A few Lents ago, I gave up chocolate for six excruciating weeks. On Easter morning, my kids awoke me with a chocolate Easter bunny as big as my foot. I sat up in bed and devoured the whole thing right then and there--despite the discomfort of nature calling.
Pathetic, no? That’s how much I adore chocolate.
Thus, when I skimmed a horrifying article about the origins of chocolate almost a year ago, I chose not to dwell on it.
My friends Mark and Liz, after reading the same newspaper story, chose otherwise. They educated themselves on the topic, wrote legislators and vowed to eat only “innocent” chocolate.
At a dinner party, I self-consciously apologized to Liz as I nibbled a truffle. “Oh, please,” she forgave without piety. “There are a zillion causes I should take on that I don’t. This just happens to be the one that I did.”
A zillion causes, indeed. We’d go hungry and naked if we thought too much about how our products got from there to here.
So on I went, willfully ignoring that ugly information filed in a far corner of my brain until New Year’s Eve, when my son accompanied me to buy snacks for our small fete.
“Let’s get some Paul Newman chocolate chip cookies; Liz and Mark and their kids don’t eat most brands of chocolate,” I casually remarked.
Suddenly, I was stuck explaining an issue that I didn’t totally understand myself. By the time I’d finished, I felt foolish about all that “guilty” chocolate inhabiting our pantry. And my pure-hearted ten year old felt appalled.

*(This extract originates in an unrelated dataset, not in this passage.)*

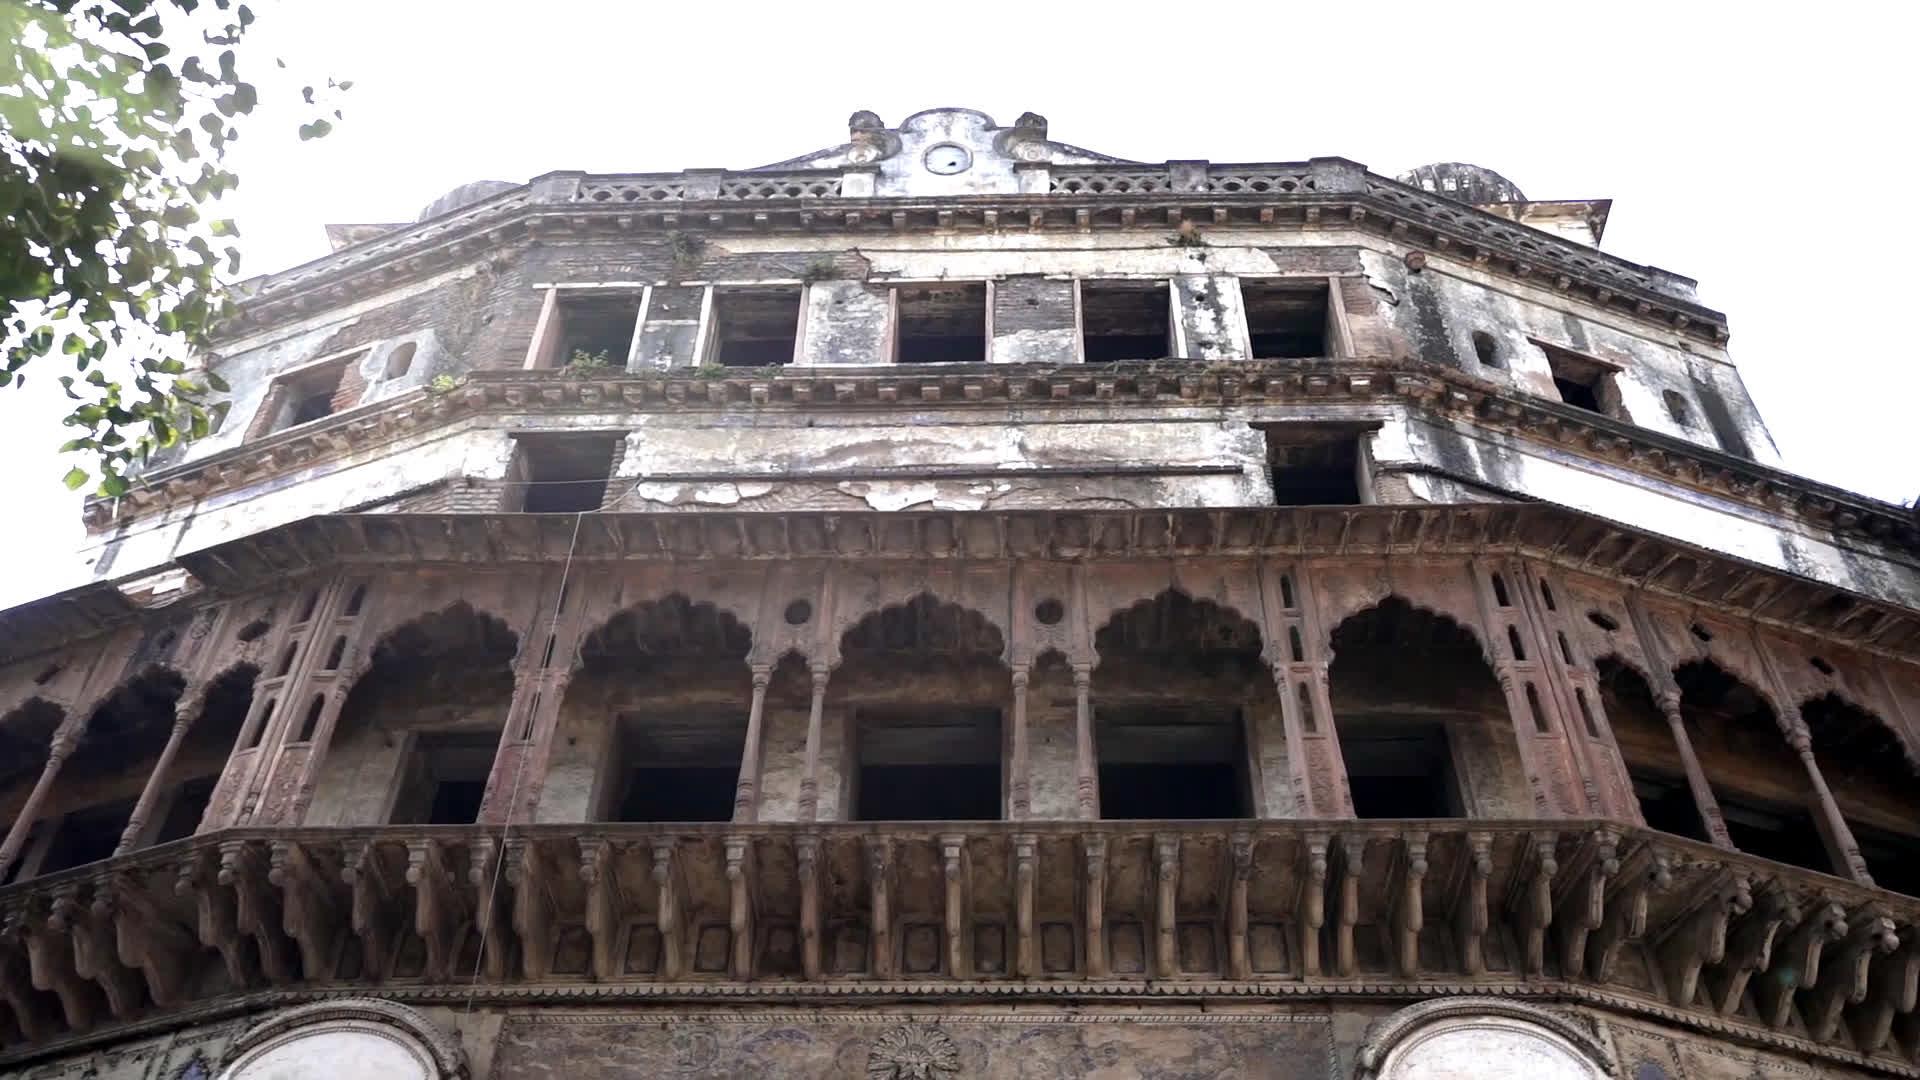 The Taj Mahal Palace of Bhopal

“I’m never eating that kind of chocolate again!” Matt decided on the spot. Shamed by his instantaneous indignation, I promised to join him in his boycott.

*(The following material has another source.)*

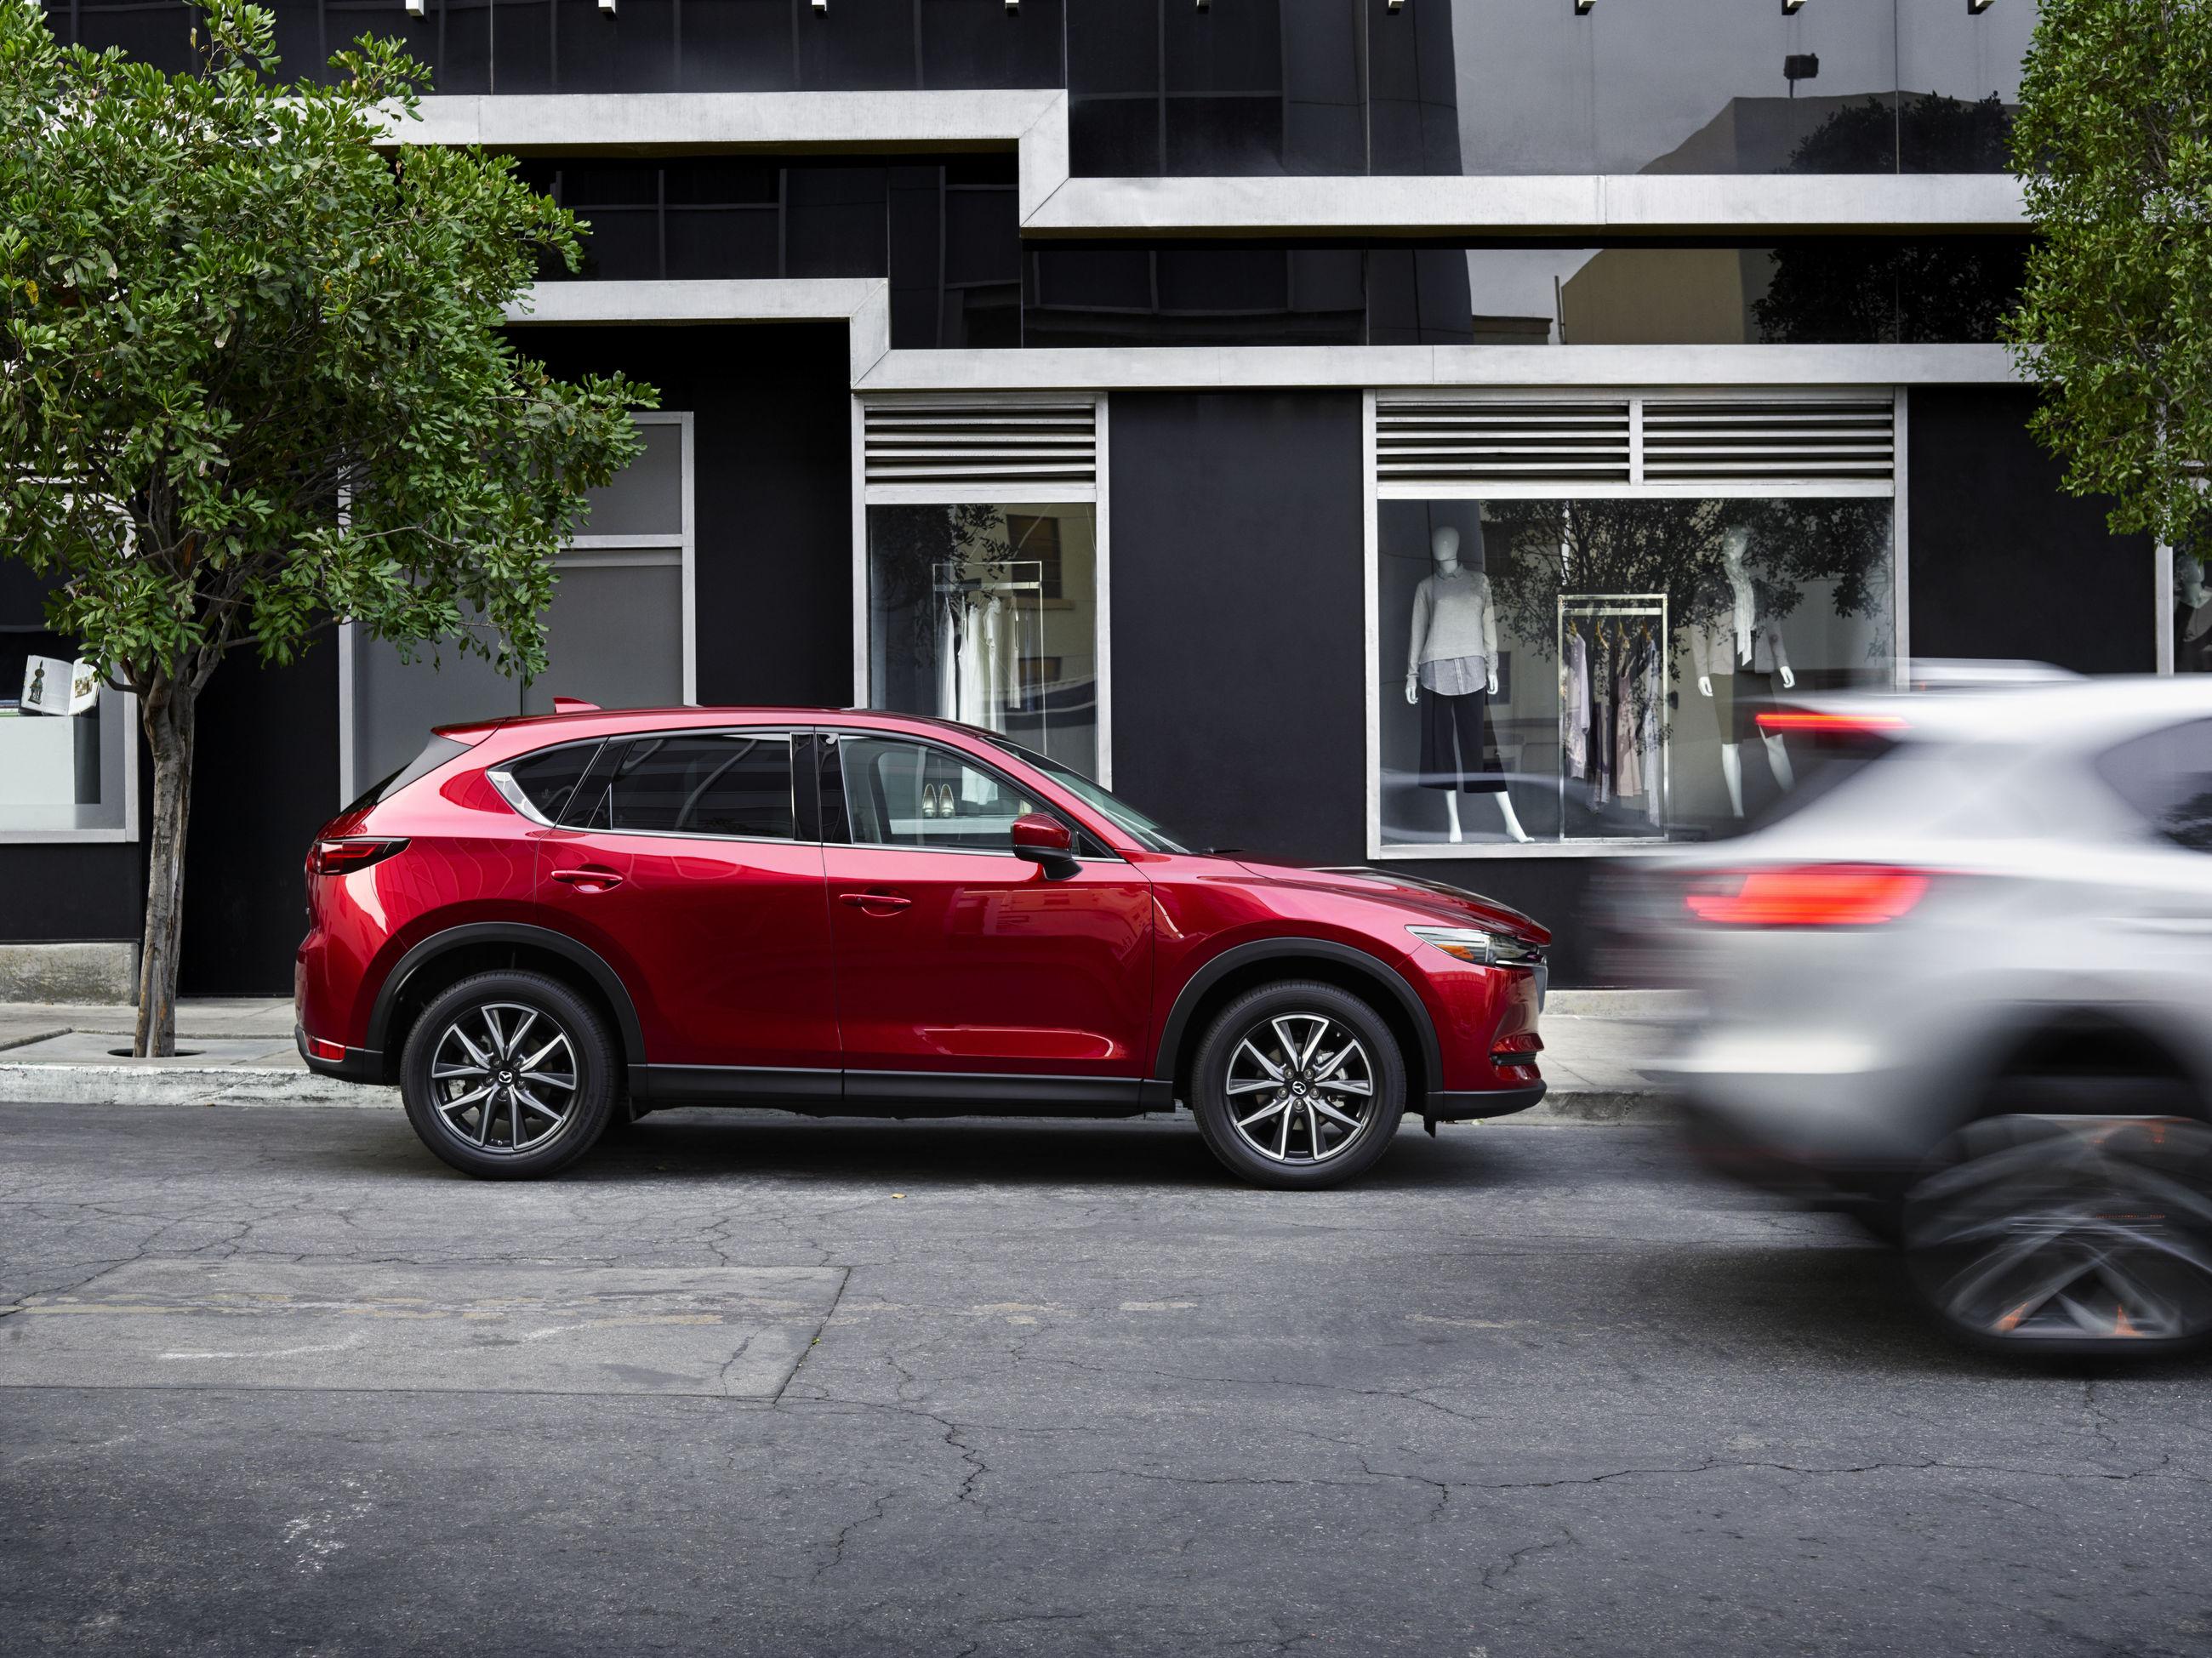 Mazda Introduces New 2017 Mazda CX-5

Last week, Matt brought home an essay he wrote in class about his New Year’s resolution:
“At the same time we sit at home watching TV and eating chocolate, (west) African children are picking cocoa beans in the blazing sun! My resolution is to not eat any chocolate made from companies that use children as workers. A solution is to eat “Paul Newman” cookies, which get their chocolate from Costa Rica. This will not only change my life, but may help the children. I will try to keep this resolution so kids do not work eighty hours a week.”